**Task item**
Starting with the line that contains "Елена Муллагалеева Фадфа-раг, или", repeat each line exactly through the final line of the listing. No picture should appear in the copy.

─── Material provided

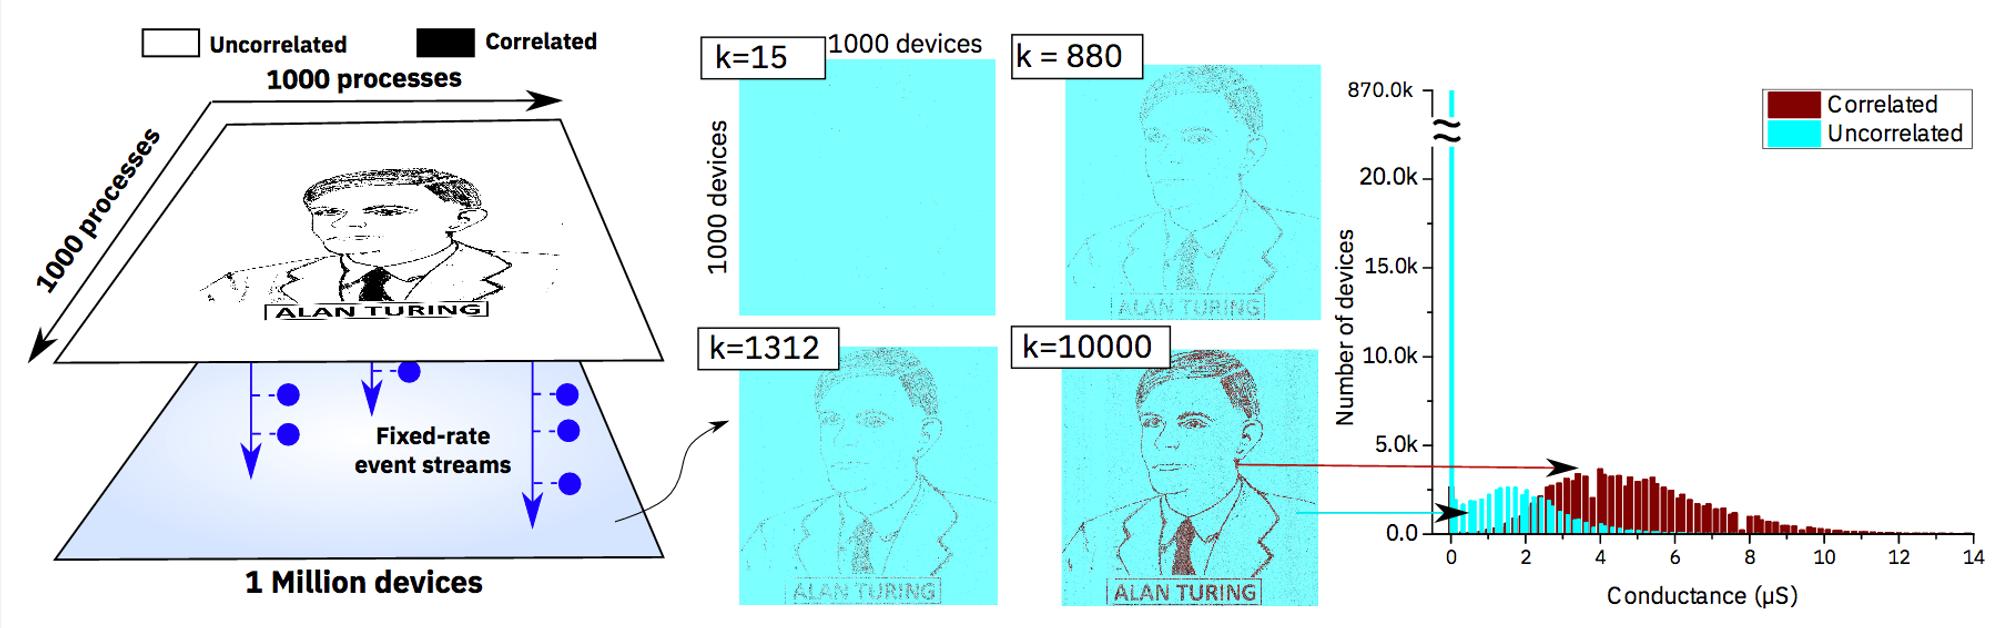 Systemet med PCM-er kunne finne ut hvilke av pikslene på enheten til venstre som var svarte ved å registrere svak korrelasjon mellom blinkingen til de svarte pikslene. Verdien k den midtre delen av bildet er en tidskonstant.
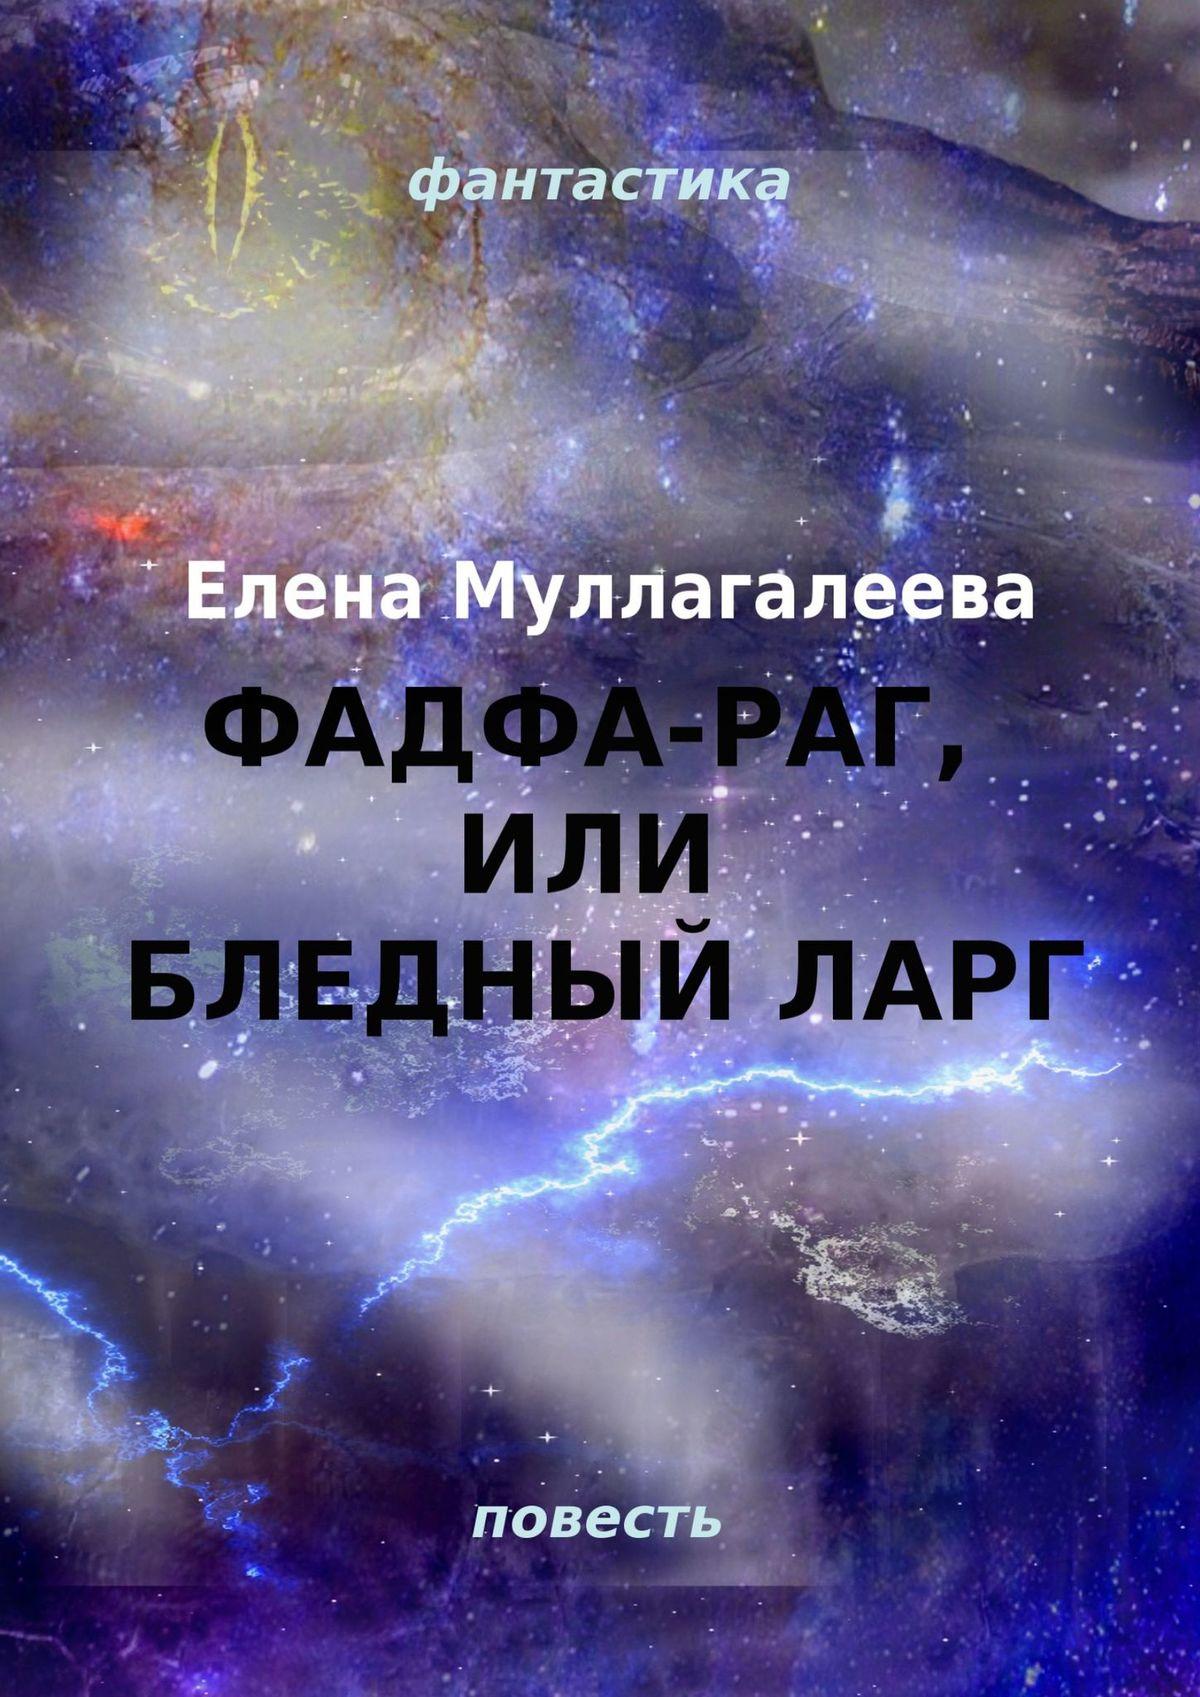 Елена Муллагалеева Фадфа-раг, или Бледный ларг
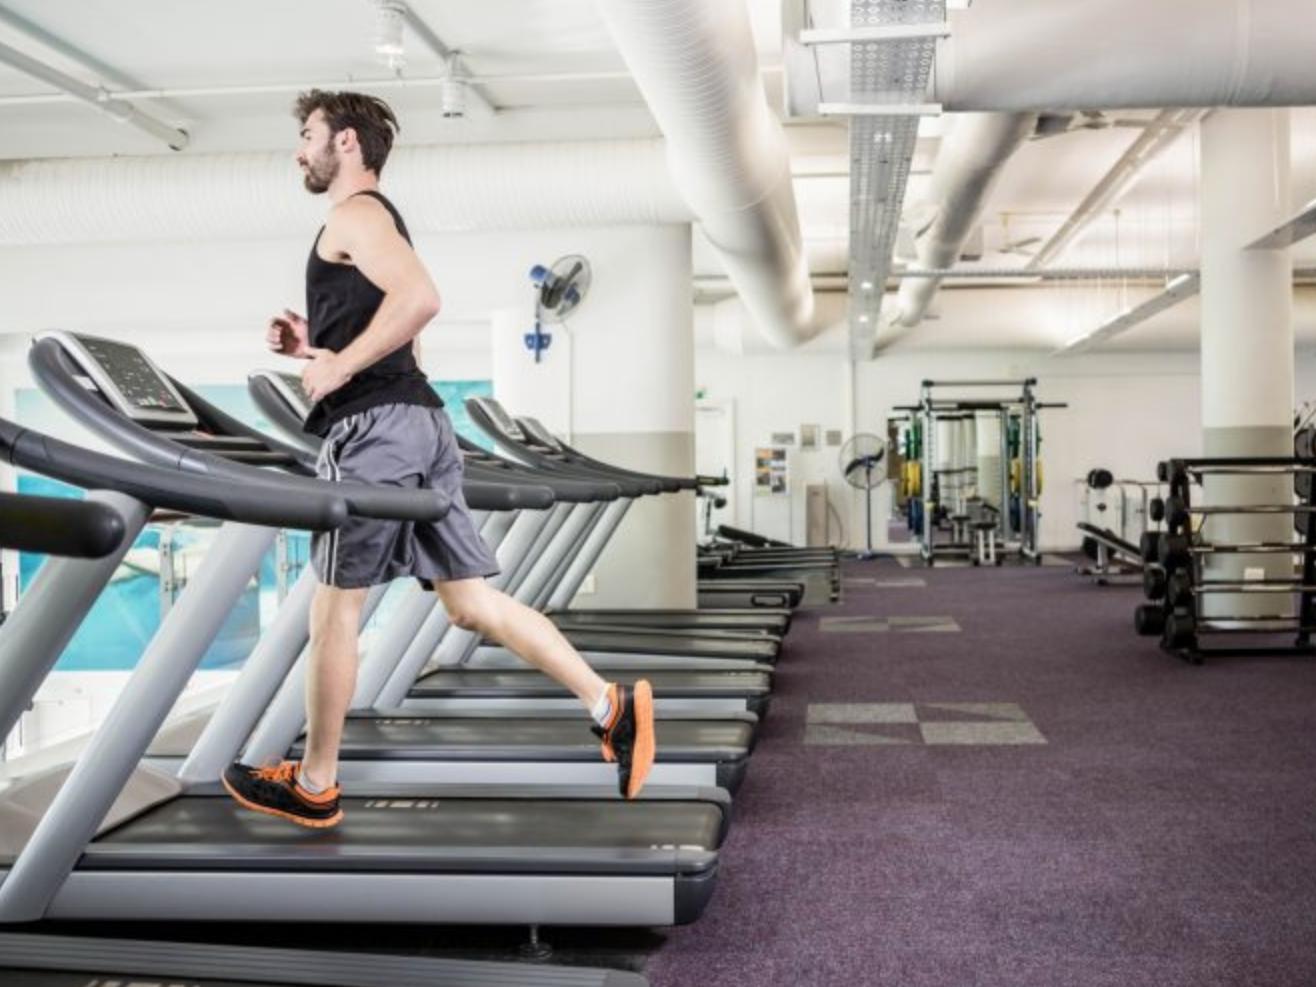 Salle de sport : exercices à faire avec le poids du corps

──────

**Solution**
 Елена Муллагалеева Фадфа-раг, или Бледный ларг
 Salle de sport : exercices à faire avec le poids du corps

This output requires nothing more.